> _ACTIVITY_:
From the line containing "沖繩-海洋博公園-美麗海水族" to the last line of the listing, transcribe exactly and add nothing else; keep both ends and omit pictures.

> _INPUT DATA_:
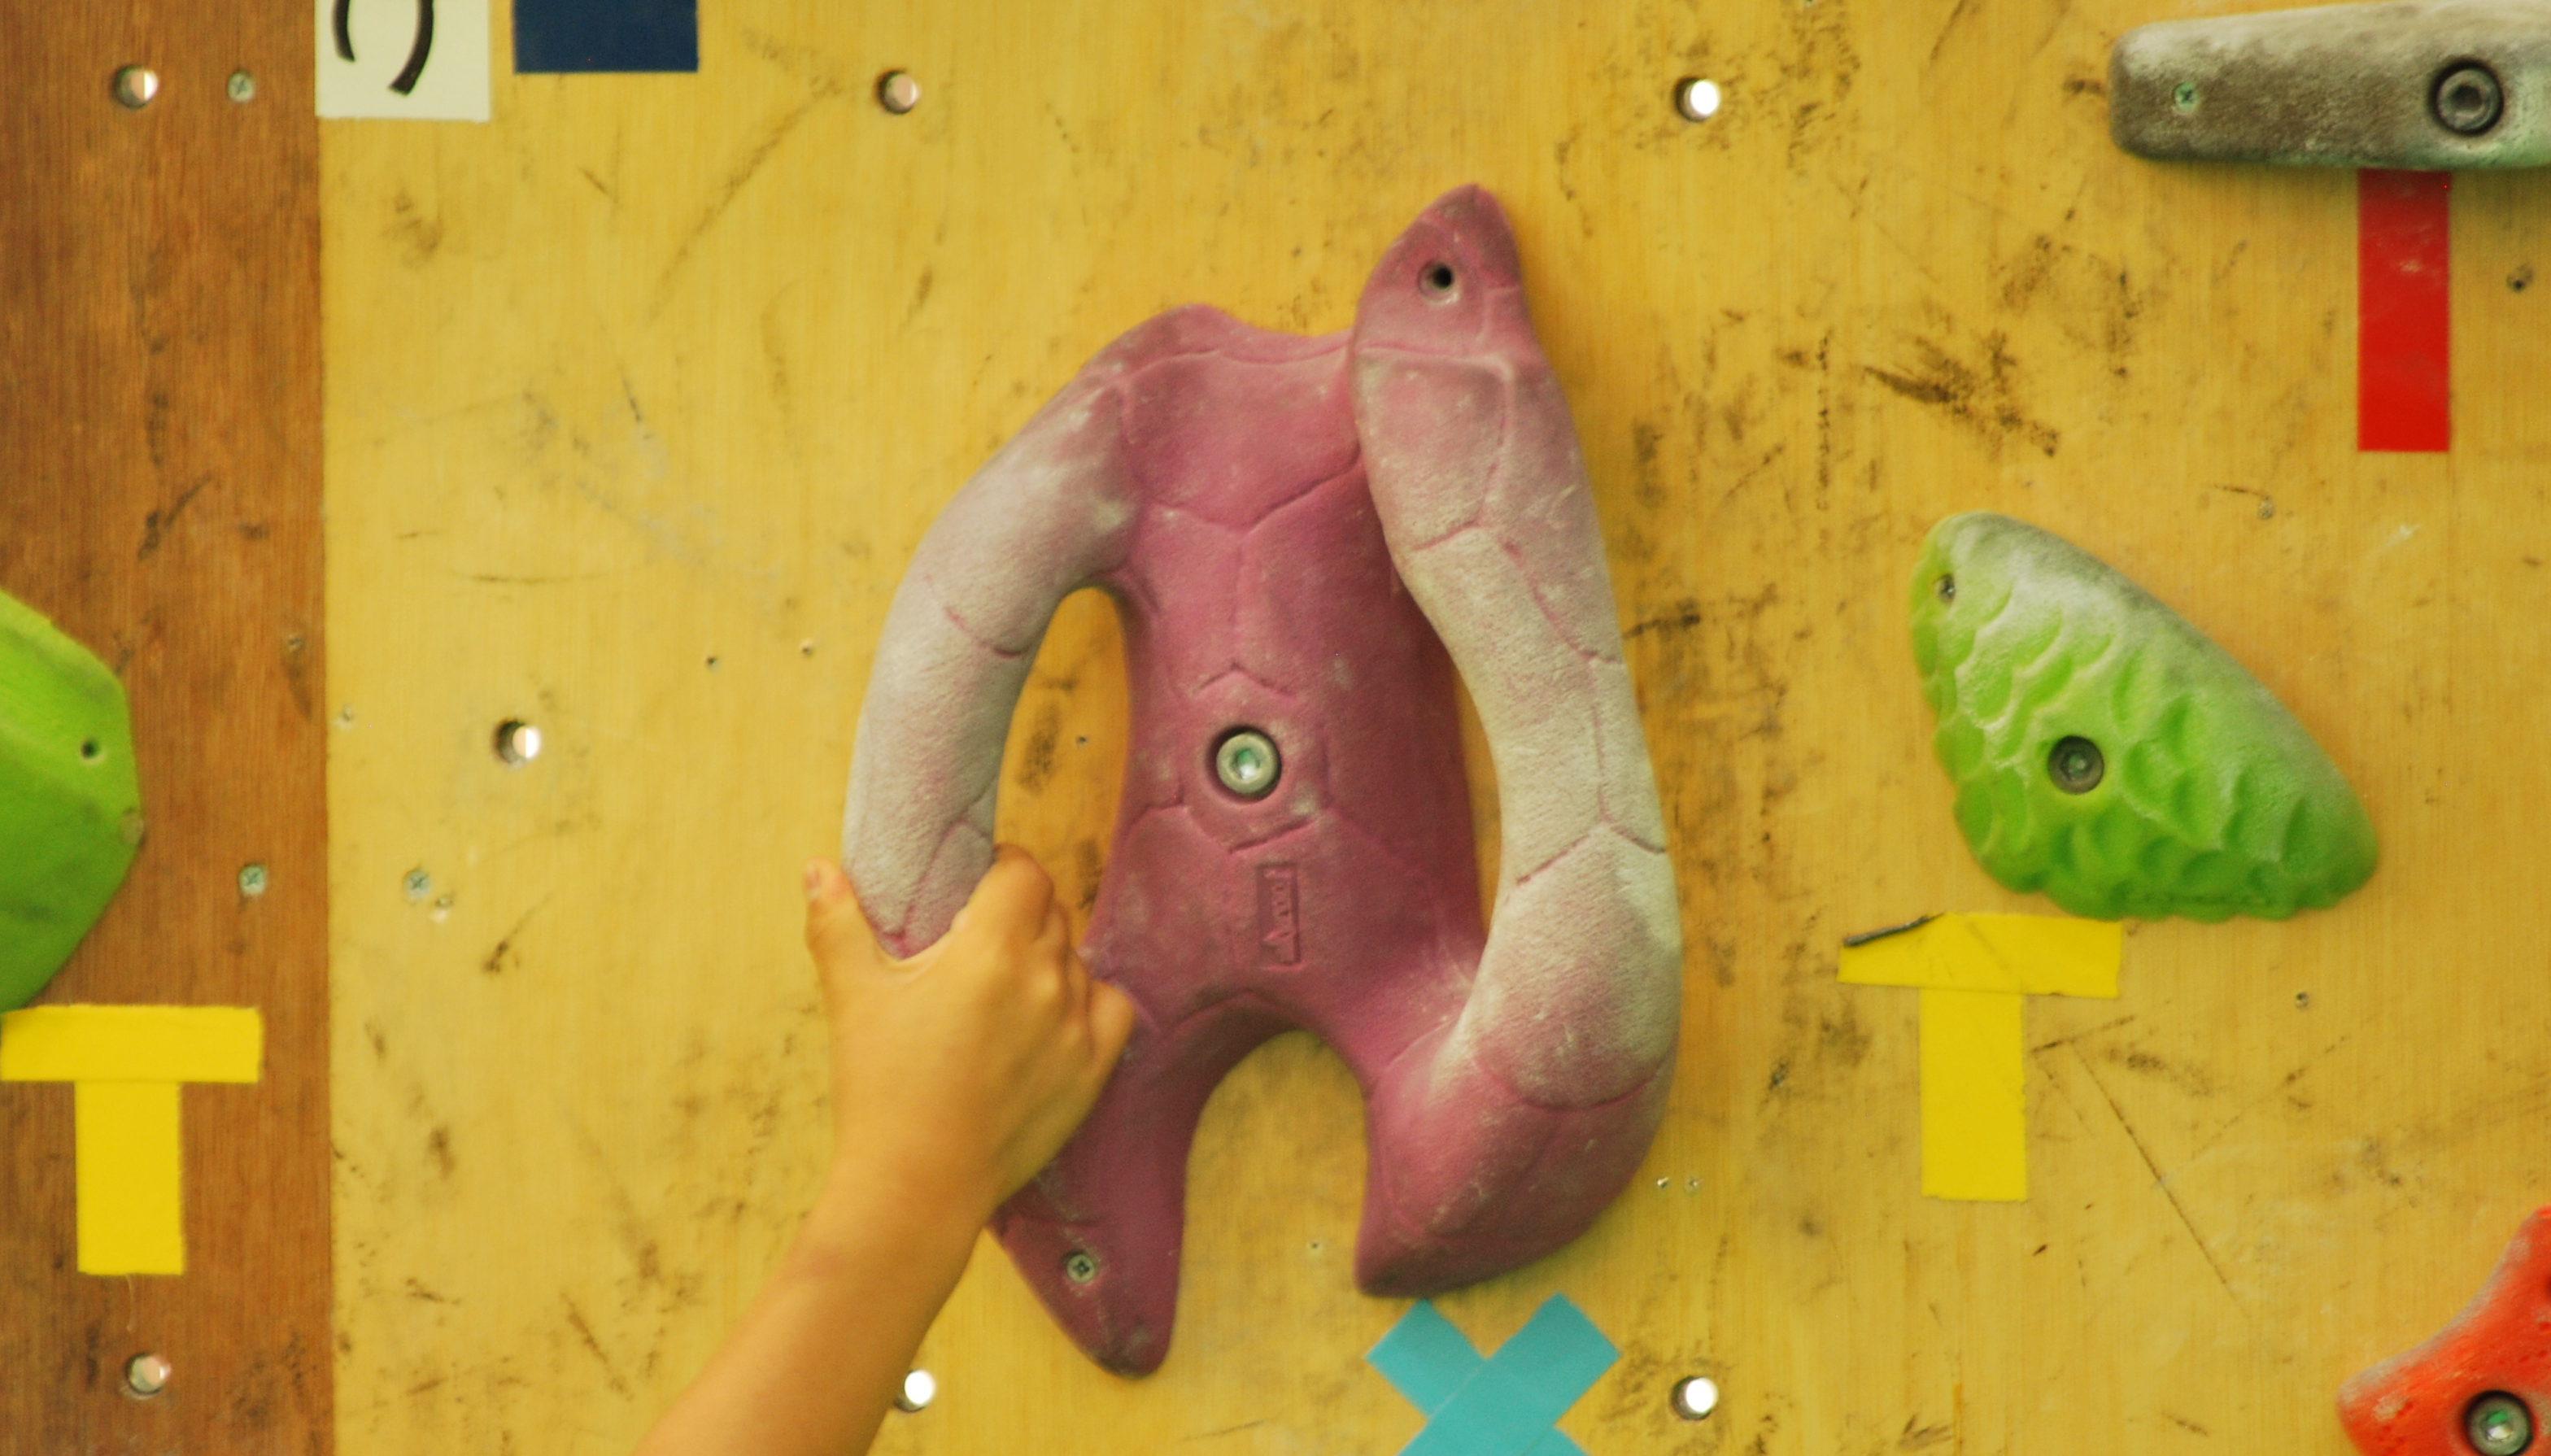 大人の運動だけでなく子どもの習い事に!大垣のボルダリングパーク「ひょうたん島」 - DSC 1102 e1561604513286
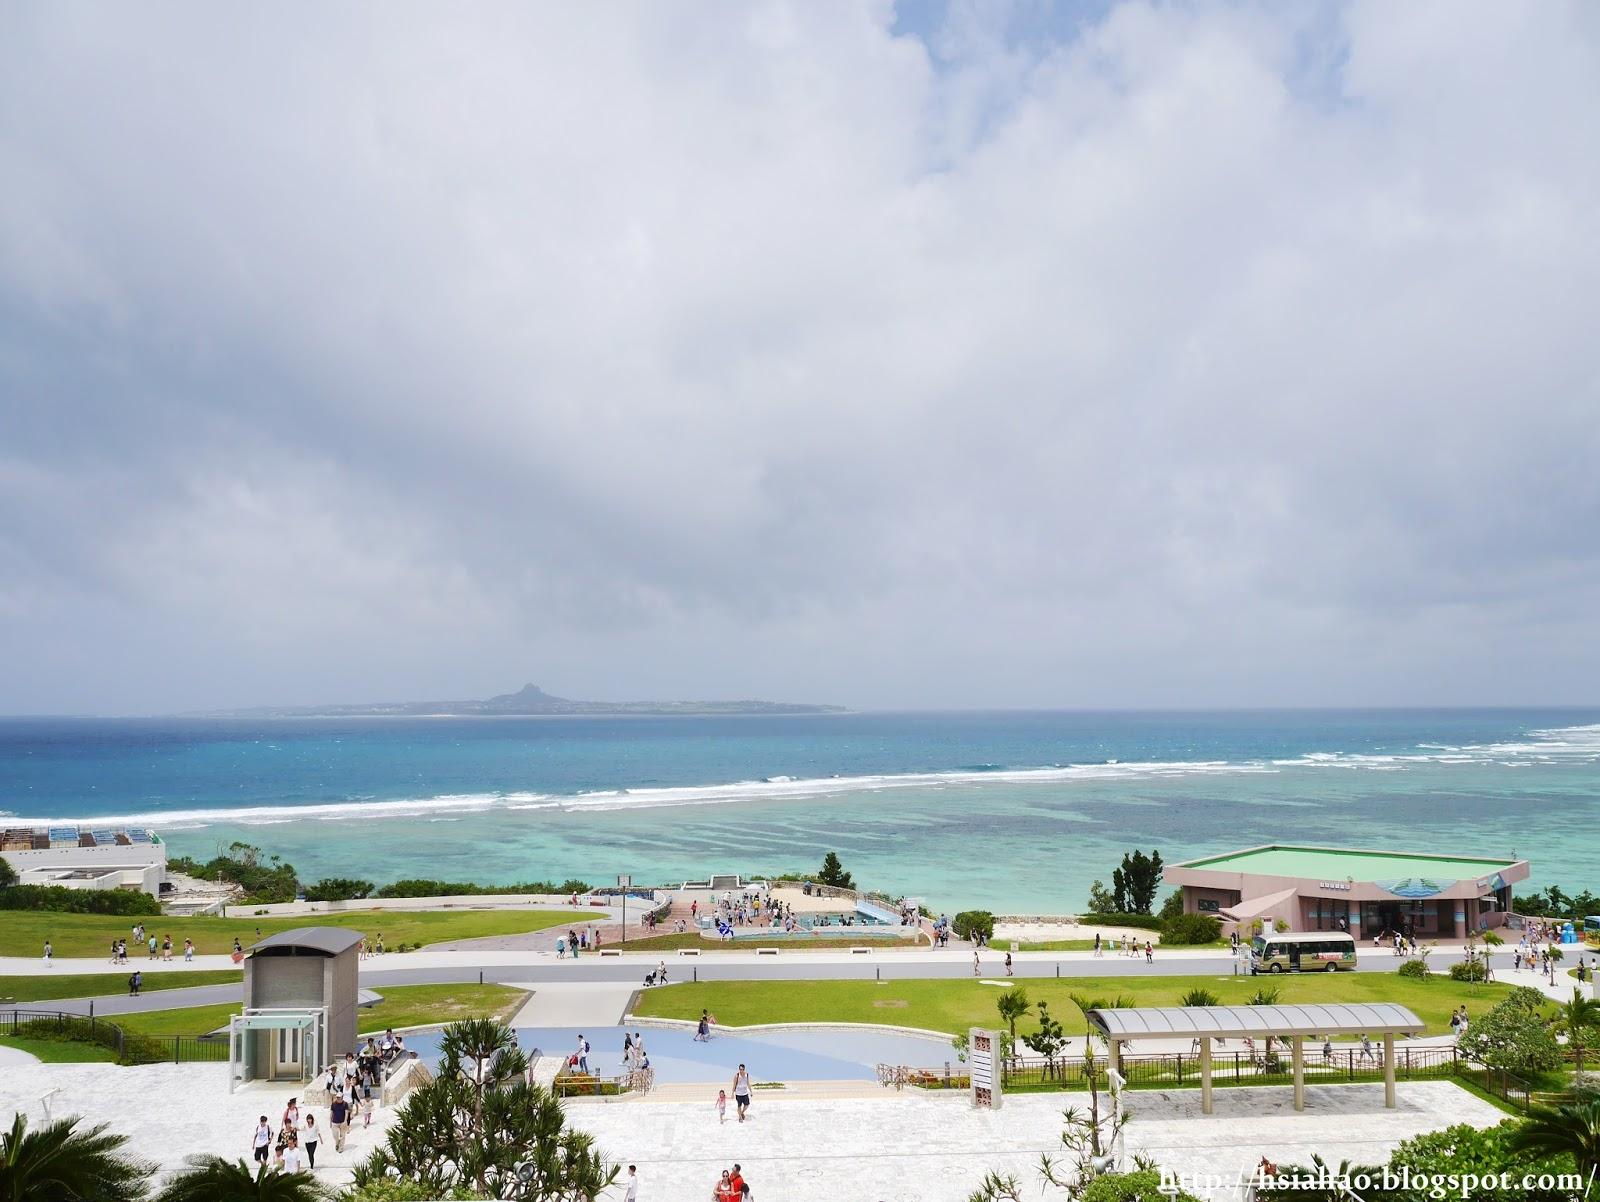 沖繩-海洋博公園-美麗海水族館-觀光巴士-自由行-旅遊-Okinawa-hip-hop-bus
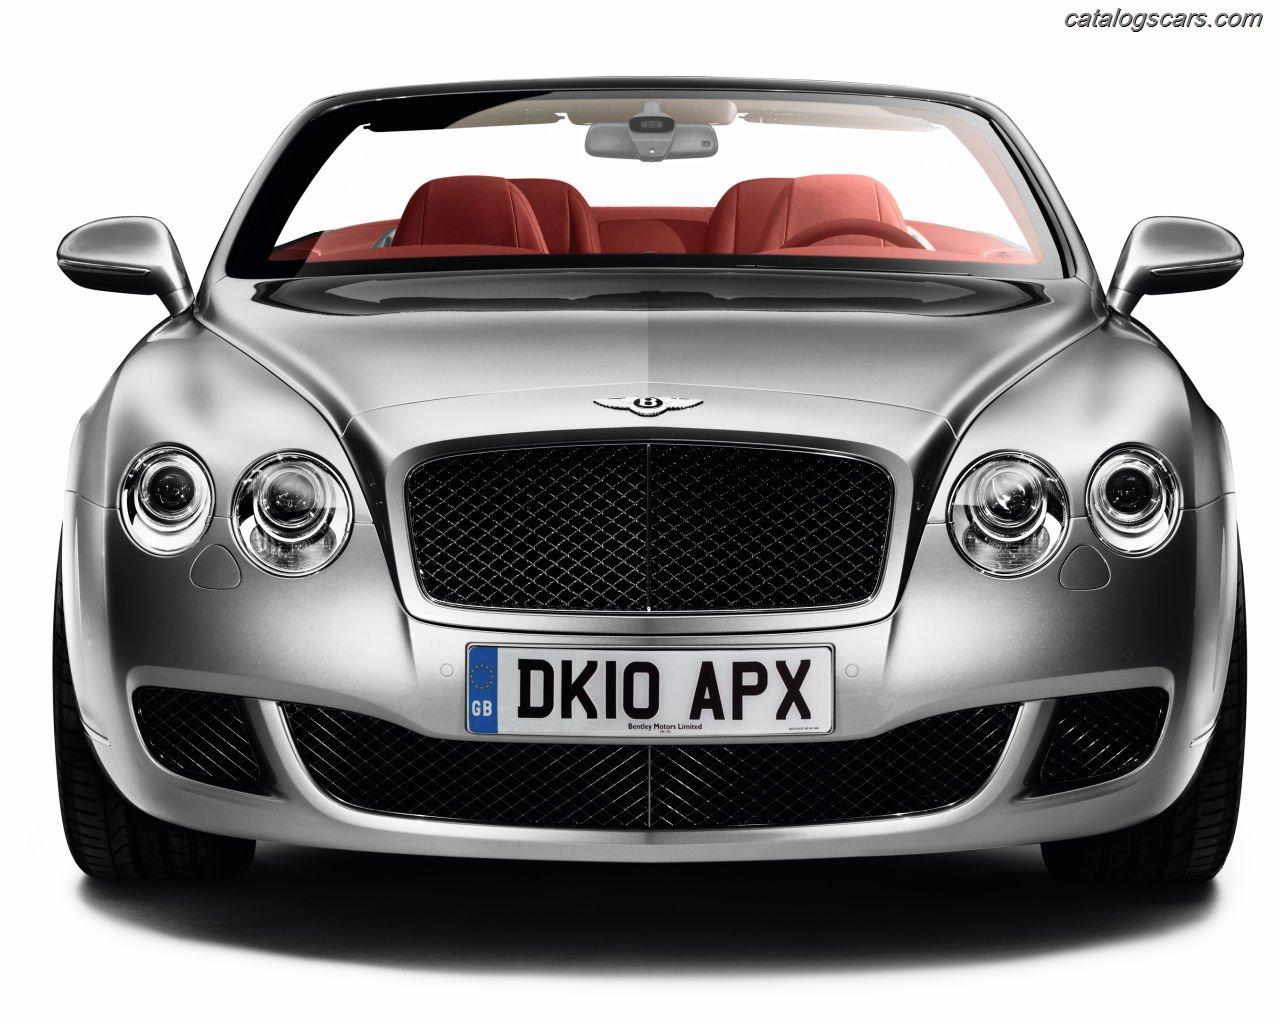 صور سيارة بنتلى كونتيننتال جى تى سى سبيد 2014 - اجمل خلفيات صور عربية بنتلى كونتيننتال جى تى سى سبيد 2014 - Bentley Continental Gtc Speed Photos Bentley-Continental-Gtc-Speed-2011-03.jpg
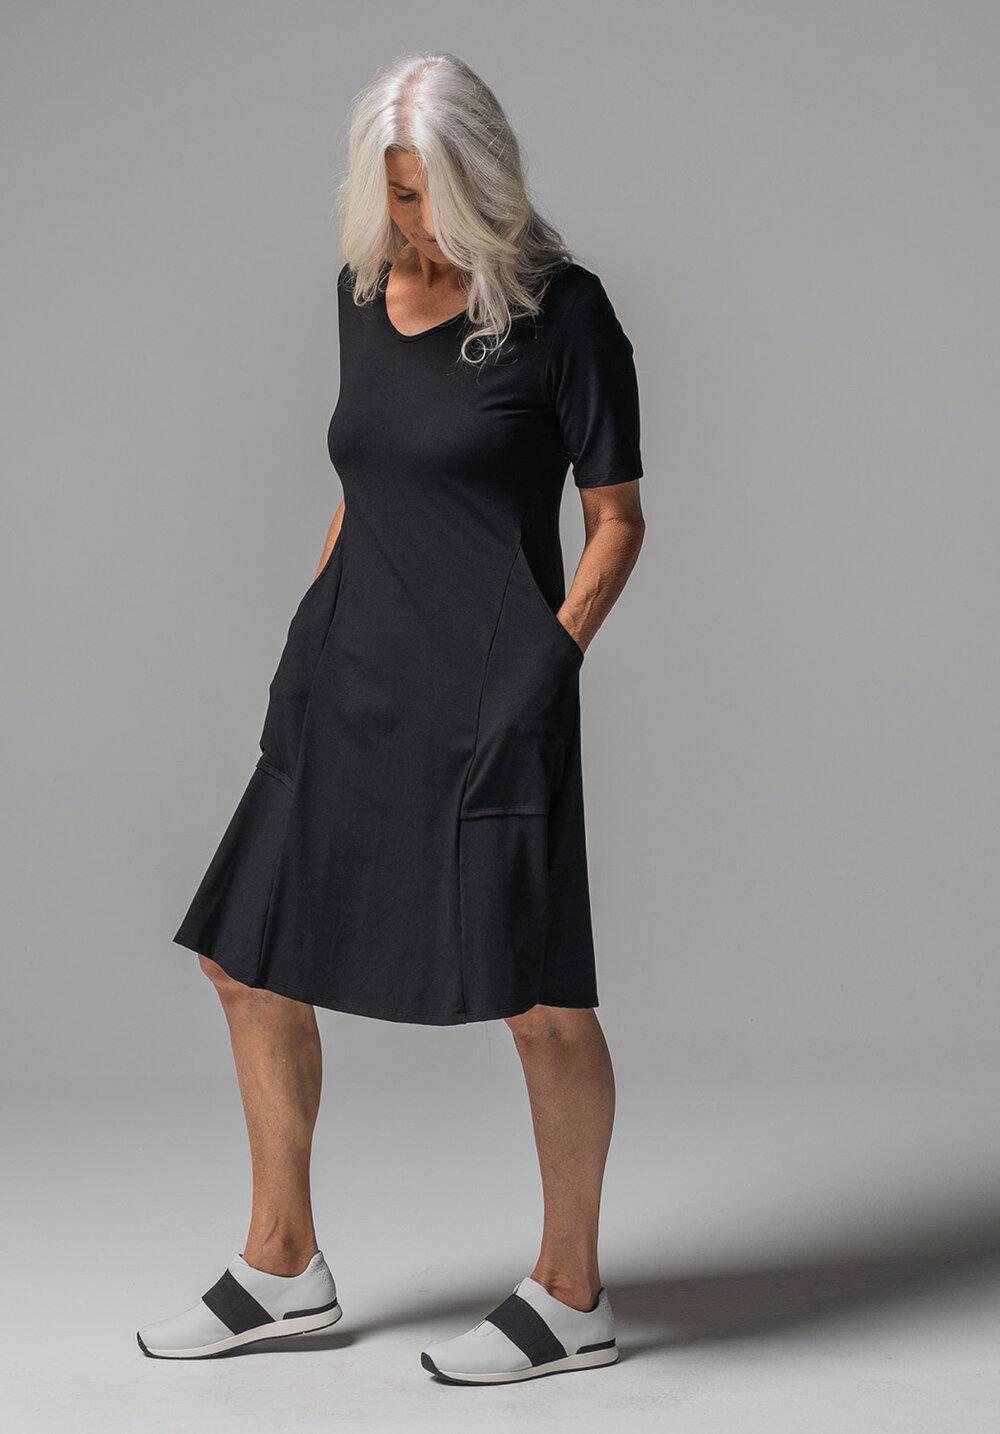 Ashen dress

> _EXERCISE SOLUTION_:
 沖繩-海洋博公園-美麗海水族館-觀光巴士-自由行-旅遊-Okinawa-hip-hop-bus
 صور سيارة بنتلى كونتيننتال جى تى سى سبيد 2014 - اجمل خلفيات صور عربية بنتلى كونتيننتال جى تى سى سبيد 2014 - Bentley Continental Gtc Speed Photos Bentley-Continental-Gtc-Speed-2011-03.jpg
 Ashen dress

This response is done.